Genetic structure. Before the removal of sex-linked loci, PC1
explained 2.4% of the genetic variation in EYR, and divided the
individuals into two groups (Crusoe-Timor and Muckleford-Wombat; Figure
6a). PC2, on the other hand, explained 1.6% of variation and captured
genetic structure due to the presence of sex-linked loci: it divided the
individuals into males and females (Figure 6b). This division between
male and females disappeared from PC2 after removing sex-linked loci
(Figure 6c, d). For YTH, none of PC1, PC2, PC3 or PC4 showed sex genetic
structure, before or after using function filter.sex.linked(Figure S4).
Accuracy of parentage analyses. For EYR, before removing
sex-linked loci, an average of 3.83 runs out of five identified the
correct parent. After removing sex-linked loci, the average increased
significantly to 4.26 (p-value = 0.003; Table 6). We also found a
significant association between the removal of sex-linked loci and the
number of correct final parentage assignments (χ2 =
4.8, df = 1, p-value = 0.03): before removing sex-linked loci, 91 out of
119 (76.5%) final assignments were correct, compared to 104 (87.4%)
correct final assignments after removing sex-linked loci. For YTH
(cassidix ), we found that removing sex-linked loci did not
significantly change the average number of runs that correctly
identified parents, which started with the high average of 4.9 runs
(Table 6).
Minimum number of known-sex individuals forfilter.sex.linked function
For EYR, 24 known-sex individuals (12 females and 12 males) were the
minimum with which it was still possible to identify sex-linked loci:filter.sex.linked identified 267 loci which represented 7% of
the total sex-linked loci (Figure 7a, Table S1). For YTH, 30 known-sex
individuals (15 females and 15 males) were the minimum:filter.sex.linked identified 61 loci which represented 1.8% of
the total sex-linked loci in the full dataset (Figure 7b, Table S1).

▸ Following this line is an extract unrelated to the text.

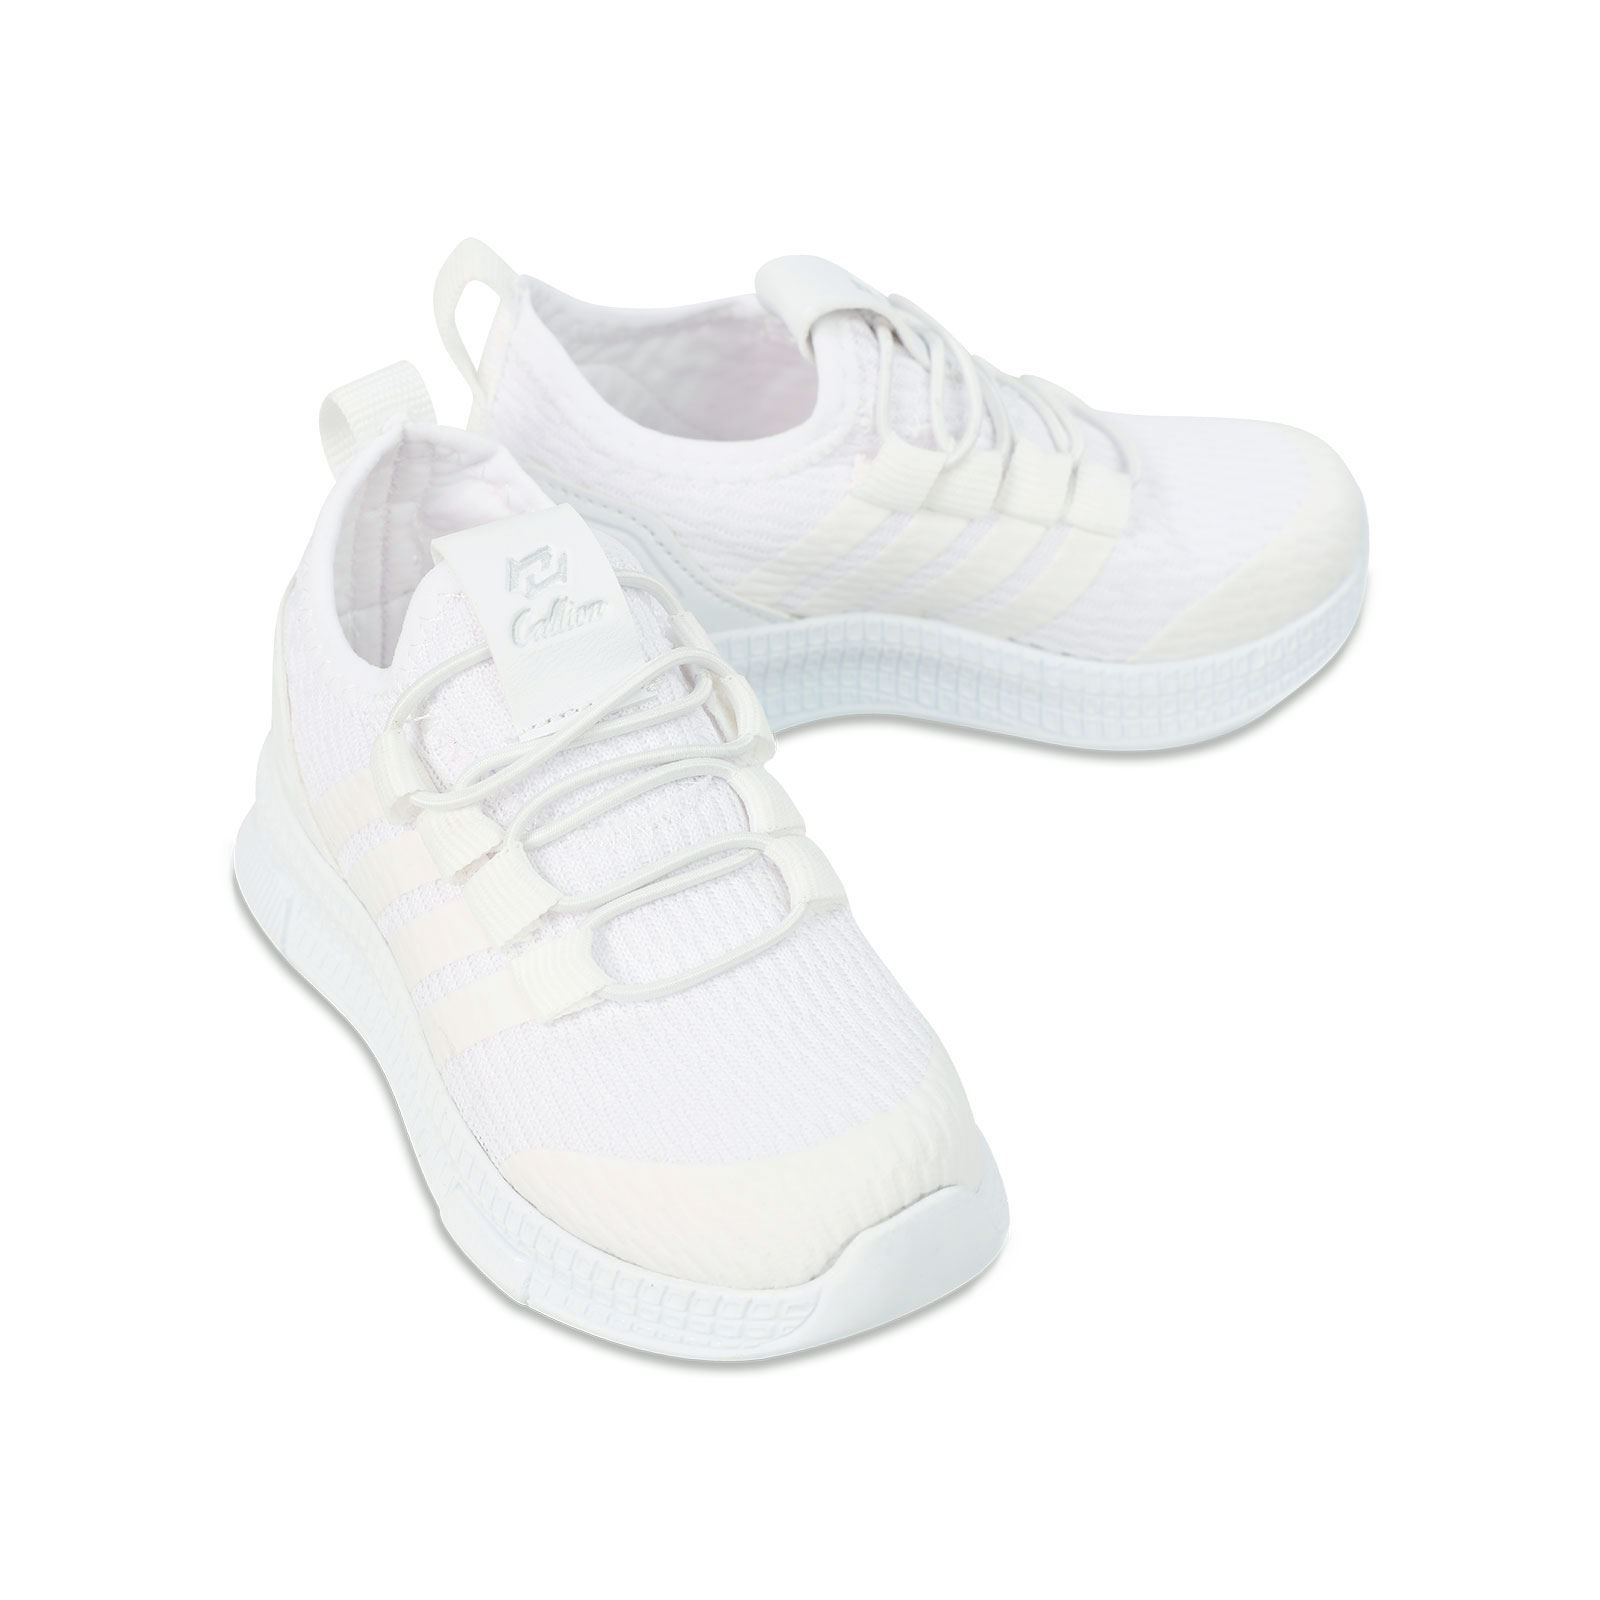 Callion Kız Çocuk Spor Ayakkabı 26-30 Numara Beyaz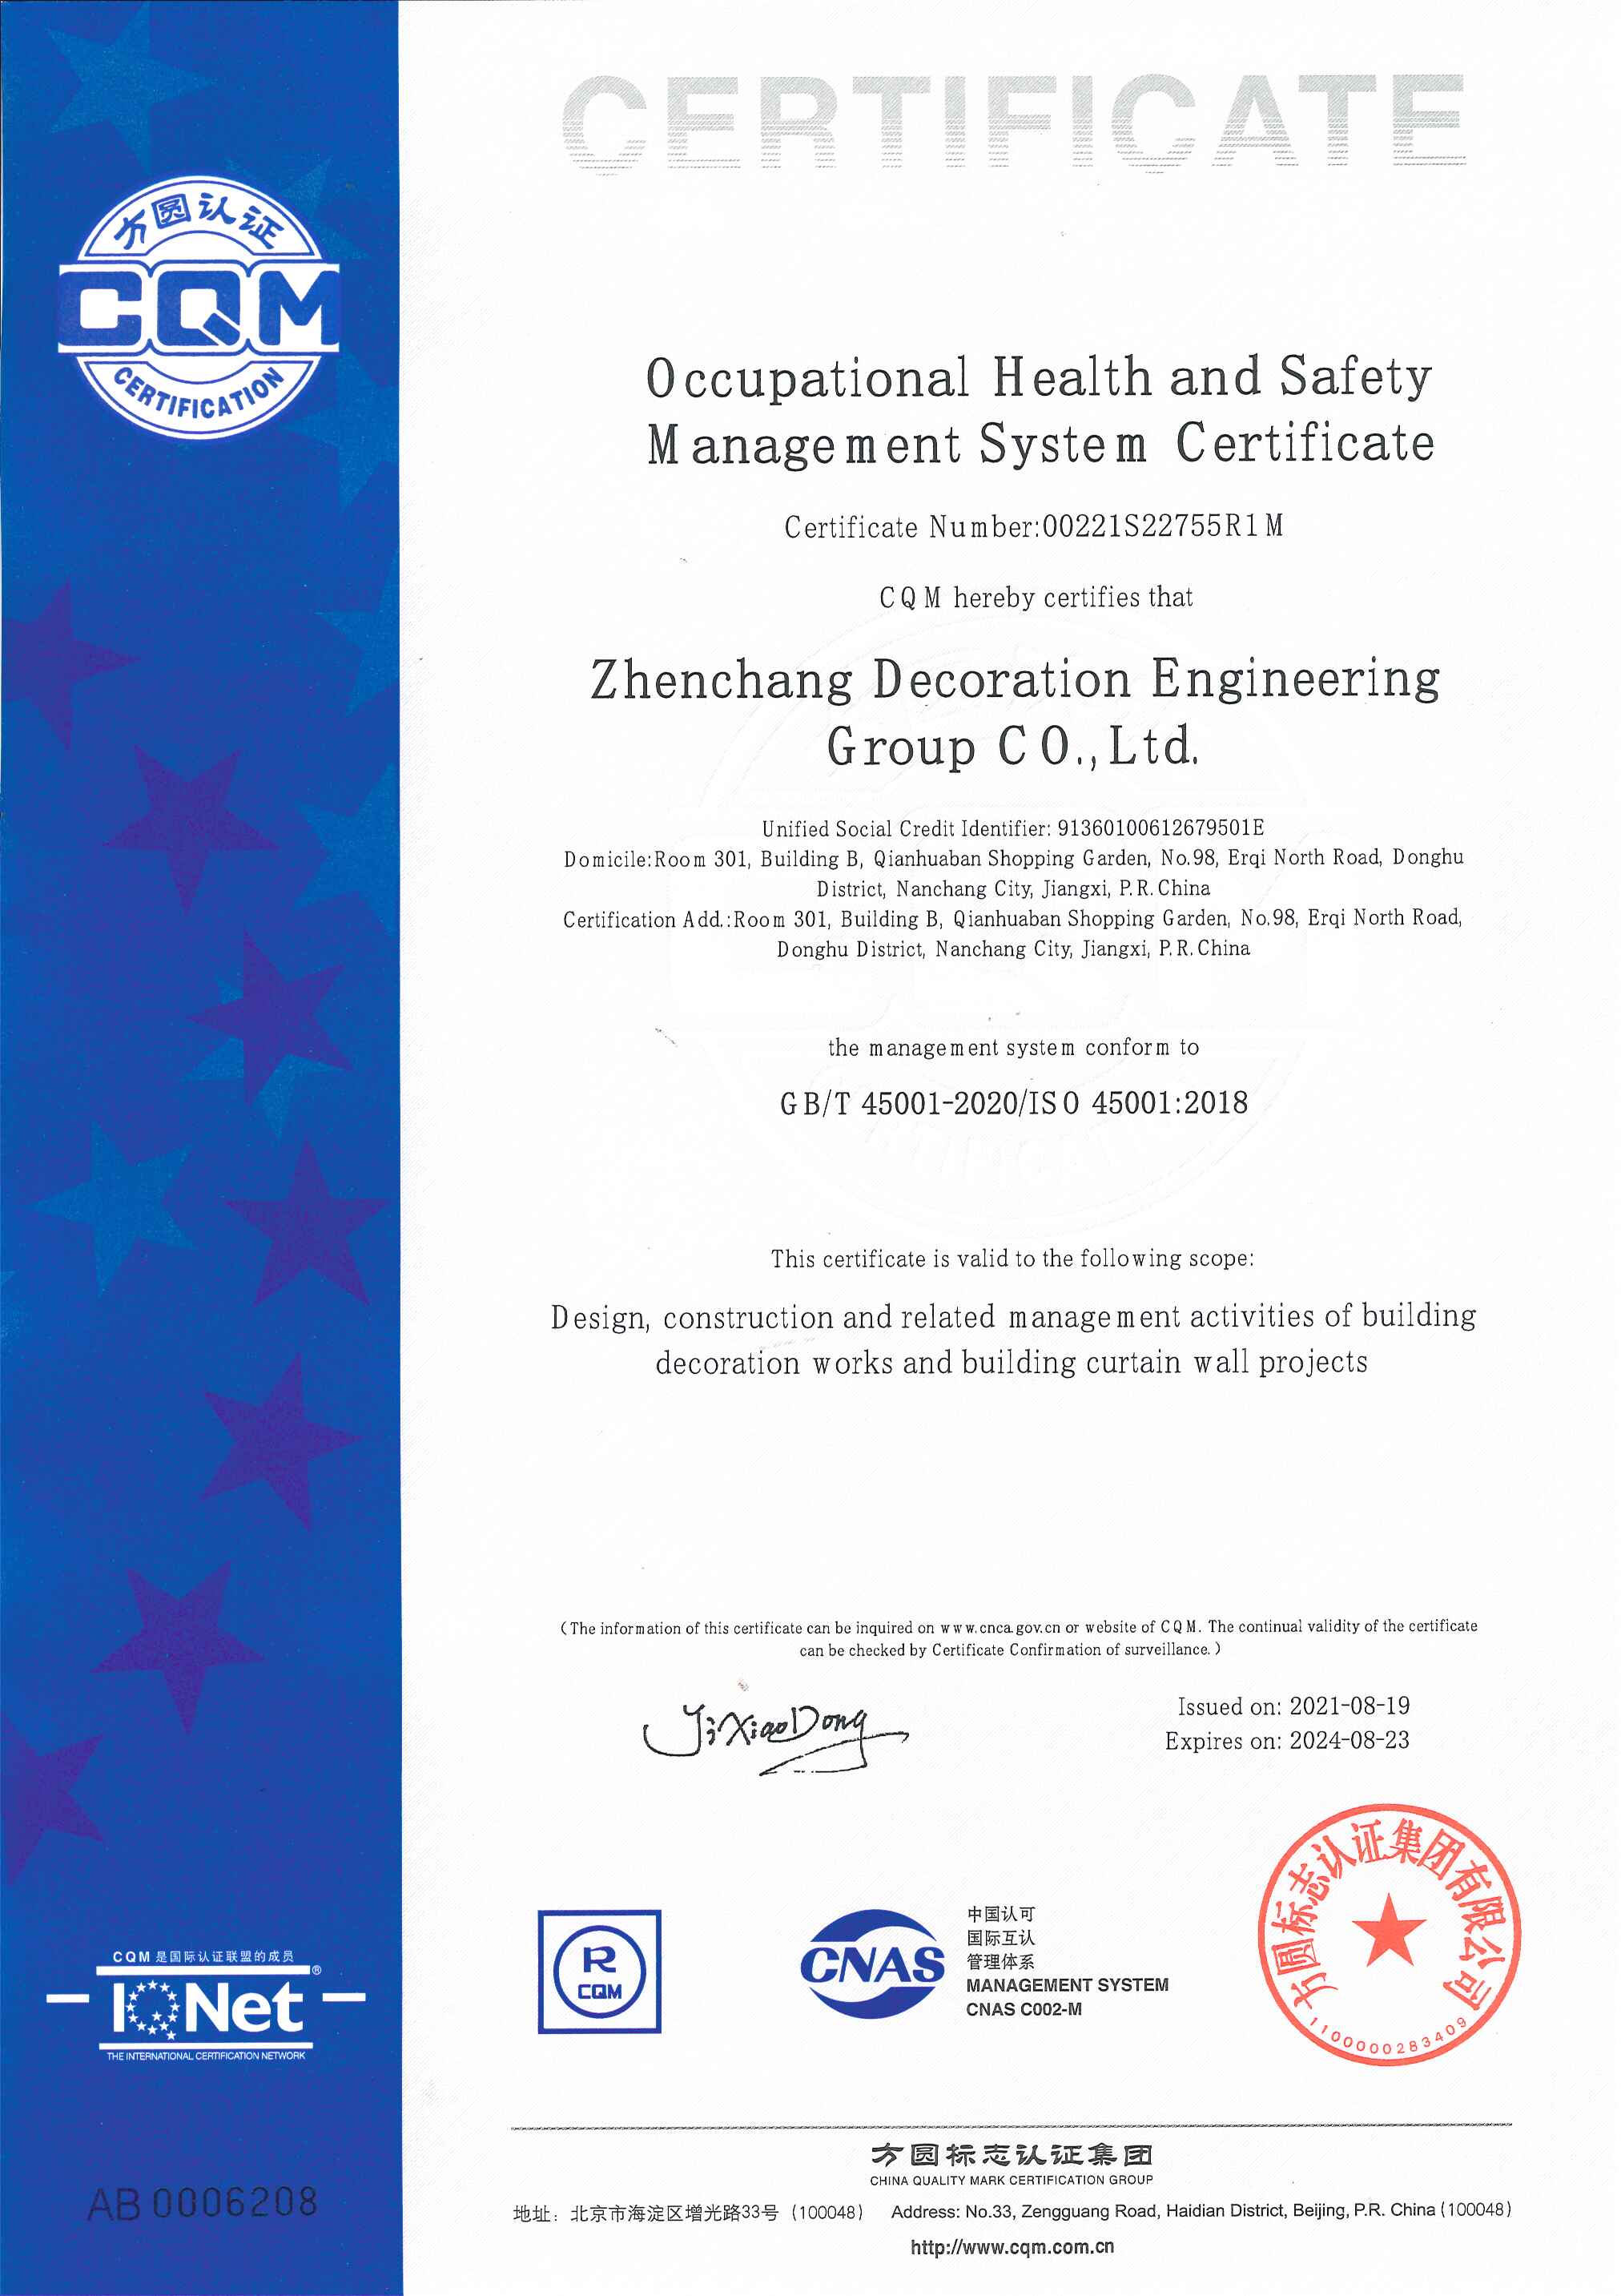 2021職業健康安全管理體系認證證書-英文版

With fewer known-sex individuals the function was unable to identify any
sex-linked loci.
For EYR, filter.sex.linked function identified, on average, only
7.2% (range = 6.6-7.9%) of all sex-linked loci for the five subsets of
24 known-sex individuals (91.5% of all W-linked loci, 0% of all
sex-biased, 0.1% of all Z-linked and 32.6% of all gametologs). For
YTH, filter.sex.linked function identified only 1.9% (range =
1.8-2.0%) of all sex-linked loci for the five subsets of 30 known-sex
individuals (99.3% of all W-linked loci, 0.1% of all sex-biased, 0%
of all Z-linked and 8.6% of all gametologs). These retrieved sex-linked
loci allowed infer.sex to correctly identify the sexes of all
individuals which it assigned as ‘M’ or ‘F’ (cf. marked as ‘*M’ or ‘*F’;
587 EYR and 519 YTH; the same individuals for the five sets). Using the
new 587 EYR and 519 YTH assignments to re-run filter.sex.linkedidentified 100% of all sex-linked loci for both EYR and YTH (3,807 and
3,414 sex-linked loci, respectively). It is likely that functionfilter.sex.linked was able to identify sex-linked loci with fewer
known-sex EYR individuals than YTH individuals because EYR has larger
sex chromosomes (i.e., it has neo-sex chromosomes in which a portion of
chromosome 1A got fused to the Z chromosome while the other portion got
fused to the W chromosome; Gan et al. 2019). We recommend the use of at
least 15 males and 15 females to allow the identification of all
sex-linked loci, although a larger number might be needed for species
with shorter, less differentiated or less variable sex chromosomes.